Tony’s Tantrum: After Hindu-Led Prayer In Senate, FRC President Perkins Boosts Bigotry In U.S. Government

July 13, 2007

The flap over the first prayer offered by a Hindu in the U.S. Senate continues. We wrote yesterday about the event being disrupted by three Religious Right protestors, who taunted Rajan Zed as he began his invocation. The two women and one man begged Christ’s forgiveness for “allowing a prayer of the wicked” and shouted that Zed’s offering was an “abomination.” The prayer was interrupted three times before the protestors were removed by the sergeant-at-arms. 

Now, the leader of the Religious Right’s most prominent voice in Washington says it’s “inappropriate” for anyone other than a Christian or Jew to offer the legislature’s opening prayer. Family Research Council President Tony Perkins wrote in today’s e-mail to supporters that Zed enjoys religious freedom in this country, “but does that mean it is appropriate for him to open the nation’s highest elected body in prayer? I think not.”

Perkins continued, “No one can legitimately challenge the fact that the God America refers to in the pledge, our national motto, and other places is the monotheistic God of the Jewish and Christian faith. I seriously doubt that Americans want to change the motto, ‘In God We Trust’… to ‘In gods We Trust.’ That is essentially what the United States Senate did today.”

Interestingly, the invocation – addressed to the “Deity Supreme” — seemed both monotheistic and largely non-sectarian. This fact was either lost on or ignored by Perkins because the fact that a Hindu was invited to participate as an equal in his government’s proceedings undermines the Religious Right’s view that America is a “Christian nation.”

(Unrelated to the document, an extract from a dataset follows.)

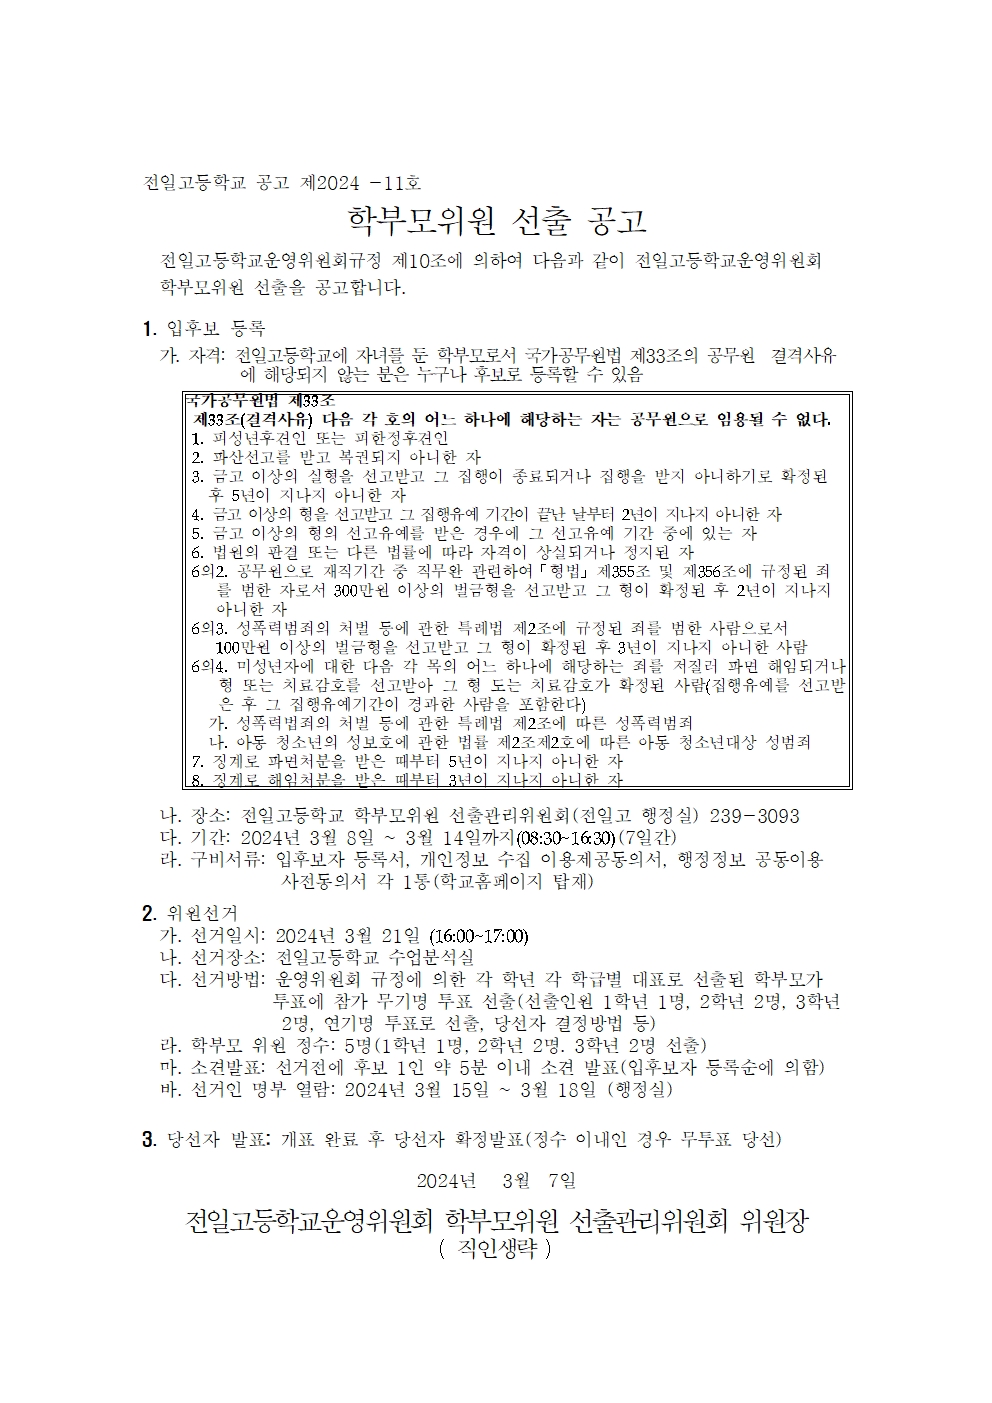 4.학부모위원 선출 공고문 및 홍보안내문001

Indeed, Religious Right activists cling to the fact that the first Congress hired chaplains, who in Perkins’ opinion, were selected to seek “divine direction for the leaders of a nation that had staked its future on principles of the Jewish and Christian scriptures.” It disregards the fact that our Founders took affirmative steps to preserve religious equality in our earliest statutes.

In 1779, for example, the Virginia legislature foiled an attempt to mention “Jesus Christ, the holy author of our religion” in the preamble of the Statute for Religious Freedom. Thomas Jefferson, the bill’s author, later recounted that “the insertion was rejected by a great majority, in proof that they meant to comprehend within the mantle of its protection the Jew and the Gentile, the Christian and Mahometan, the Hindoo and infidel of every denomination.”

The Religious Right’s attitude towards religious diversity in public life is deeply troubling. Its leaders’ reaction to yesterday’s prayer makes clear that they are only concerned about their faith getting more attention in the public square.

Perkins’ comments are especially troubling because they suggest the Religious Right is becoming more theocratic than ever. The FRC condemned the first Hindu-led prayer in the U.S. House of Representatives seven years ago. “[W]hile it is true that the United States of America was founded on the sacred principle of religious freedom for all,” the group’s statement said, “that liberty was never intended to exalt other religions to the level that Christianity holds in our country’s heritage.” “Our Founders,” it concluded, “would have found utterly incredible the idea that all religions, including paganism, be treated with equal deference.”

But Ken Connor, who took the helm of the FRC just afterward, was clearly embarrassed by the overt bigotry. He clarified the group’s position after Americans United released the biased FRC statement to national media and he was barraged with questions from an outraged news media. “We affirm the truth of Christianity,” the new statement read, “but it is not our position that America’s Constitution forbids representatives of religions other than Christianity from praying before Congress. We recognize that decisions on this matter are the prerogative of each house of Congress.” 

Perkins, in contrast, has given no indication he plans to clarify his position.   

This week’s flap over the Hindu-led prayer in the Senate is another example of why government meetings should not open with prayers. If they are going to, however, they must be nonsectarian and should reflect the diversity of the American people.

Remember, Tony, “the nation’s highest elected body” belongs to all of us.